*** Opening Given data ***

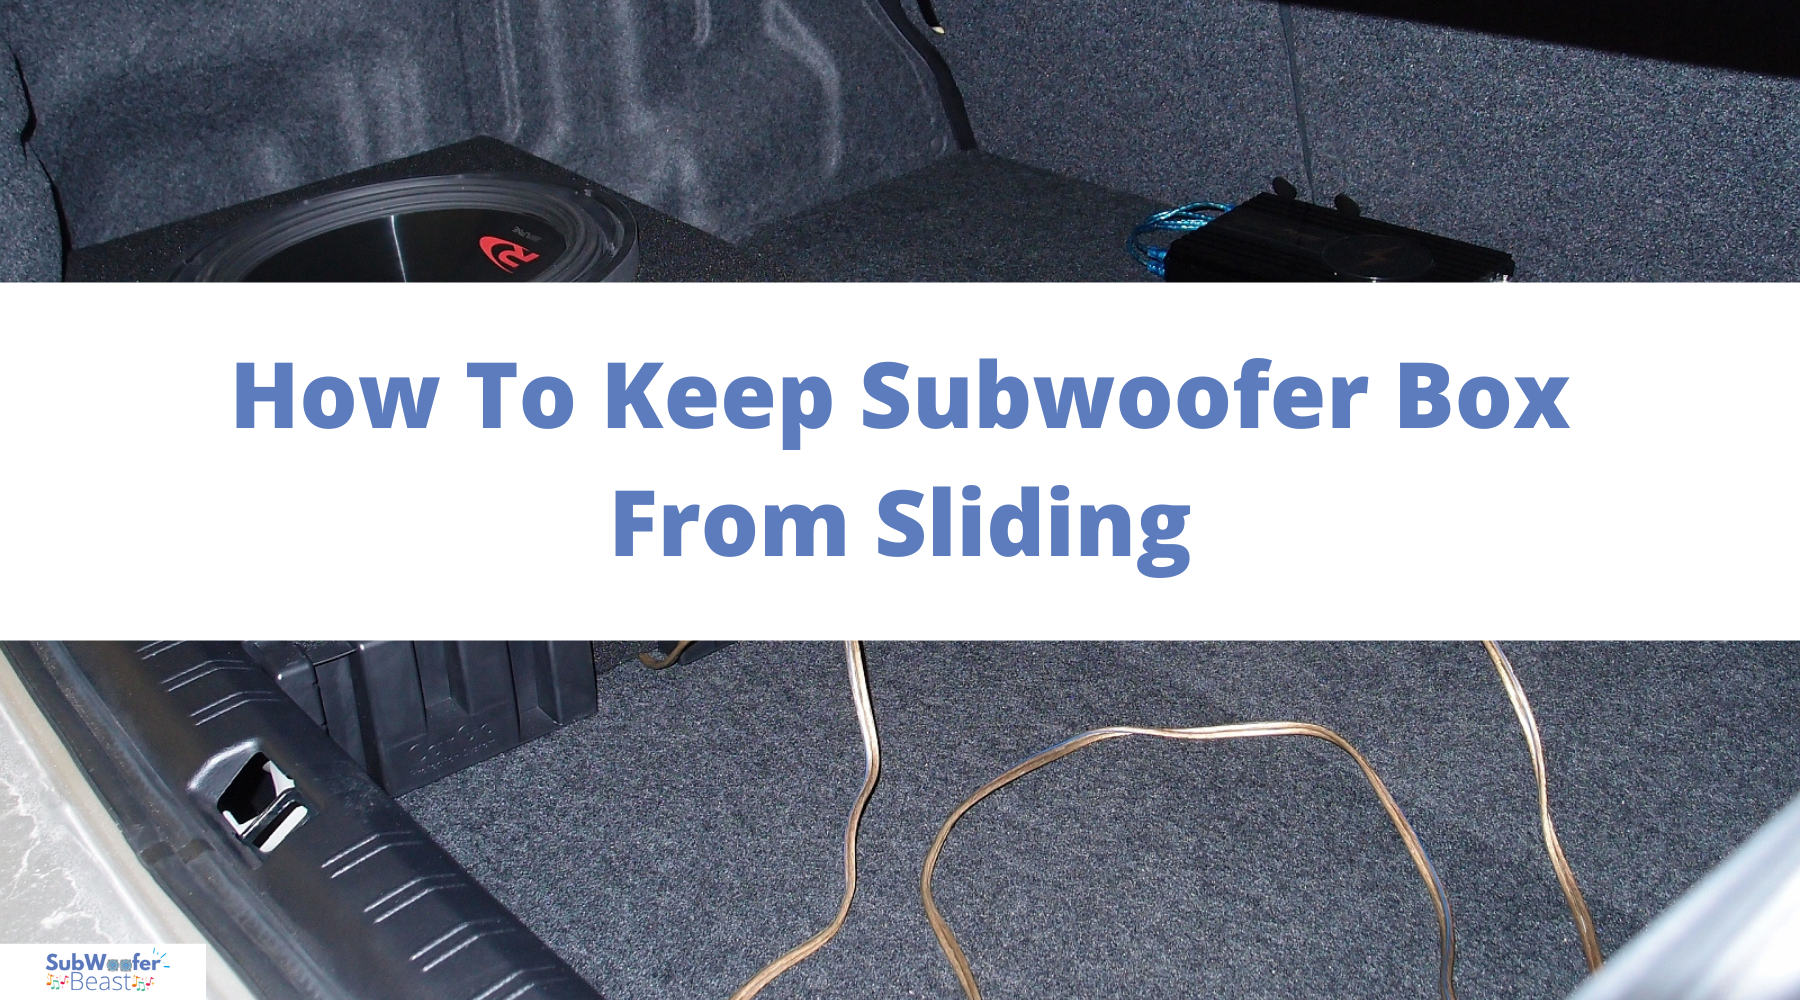 How To Keep Subwoofer Box From Sliding
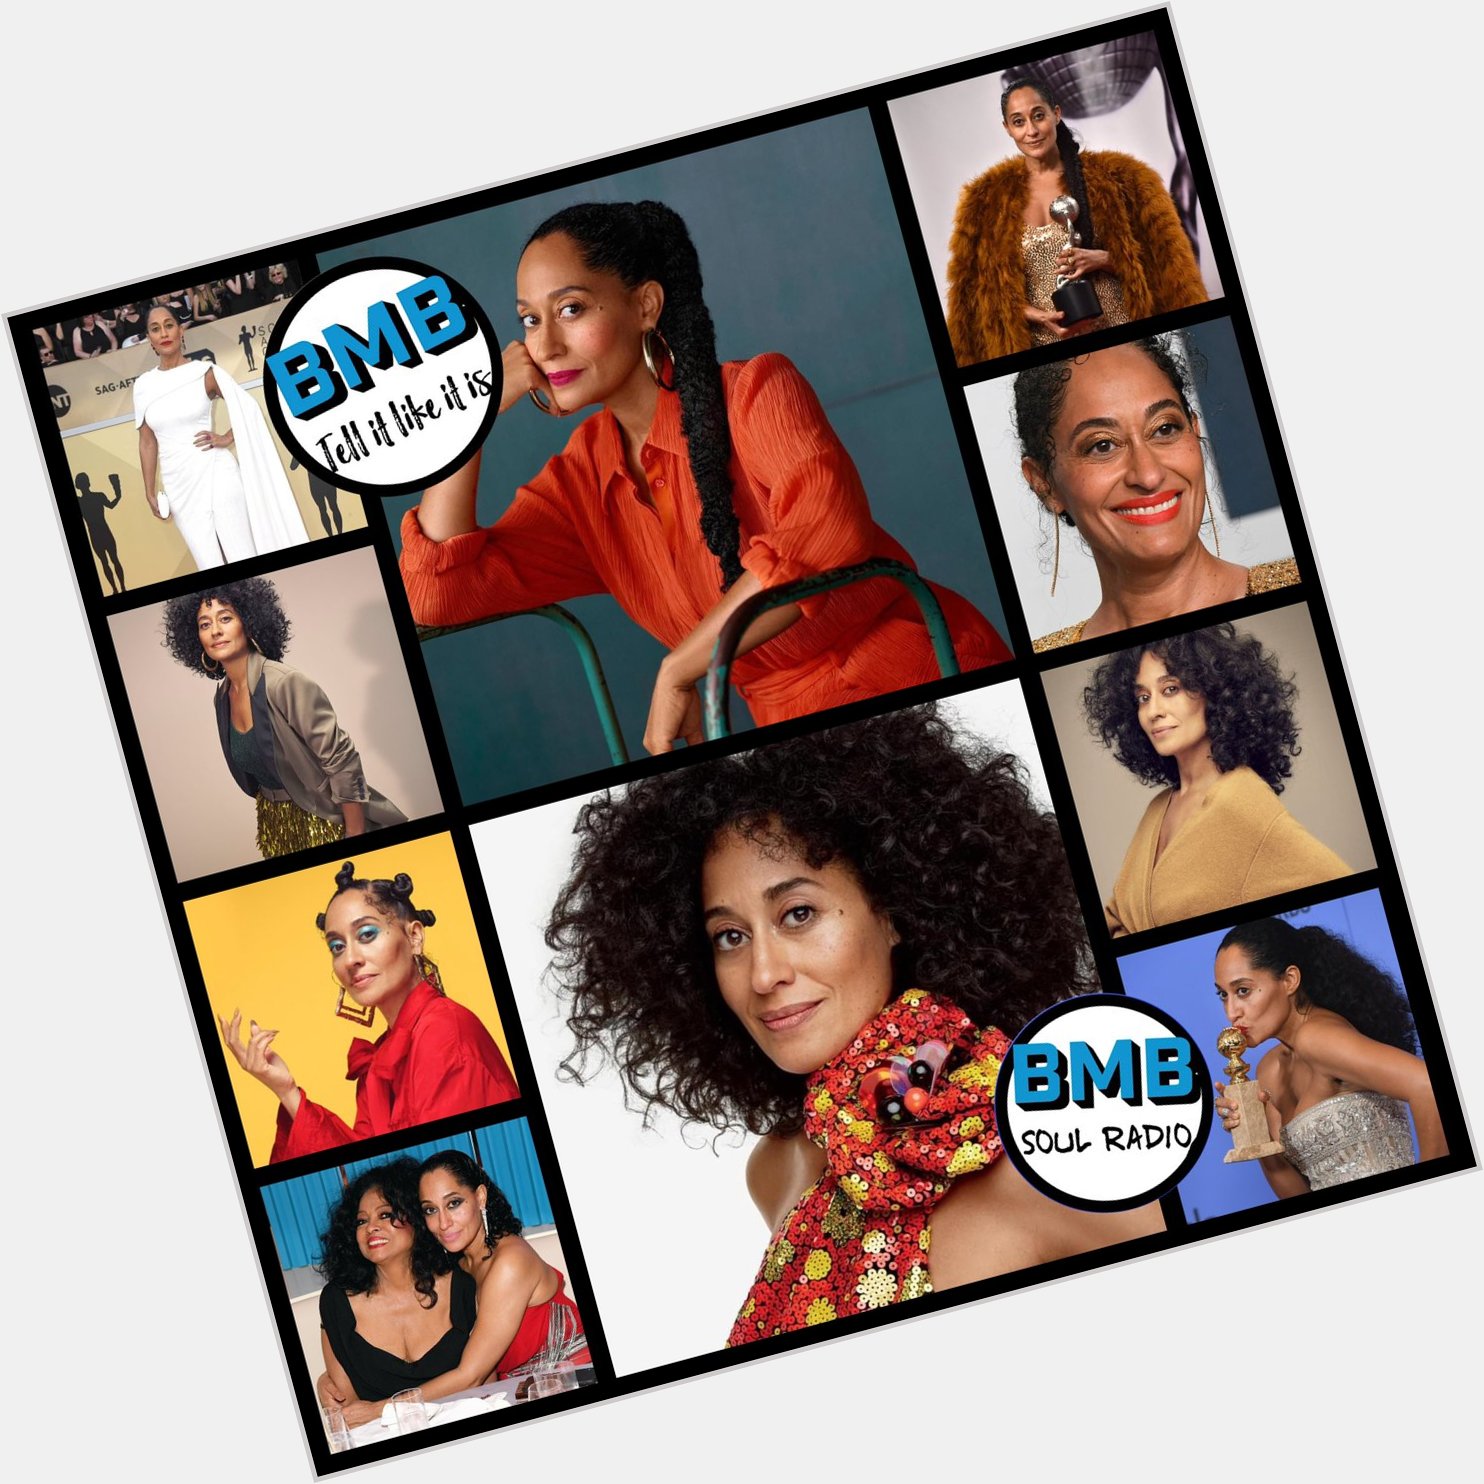      Happy Birthday Tracee Ellis Ross!
She Is 50 Today!

*** Closing Given data ***

> [Exercise] An exact repetition of the listing is needed, with the pictures dropped.

> [Response area]
 How To Keep Subwoofer Box From Sliding
      Happy Birthday Tracee Ellis Ross!
She Is 50 Today!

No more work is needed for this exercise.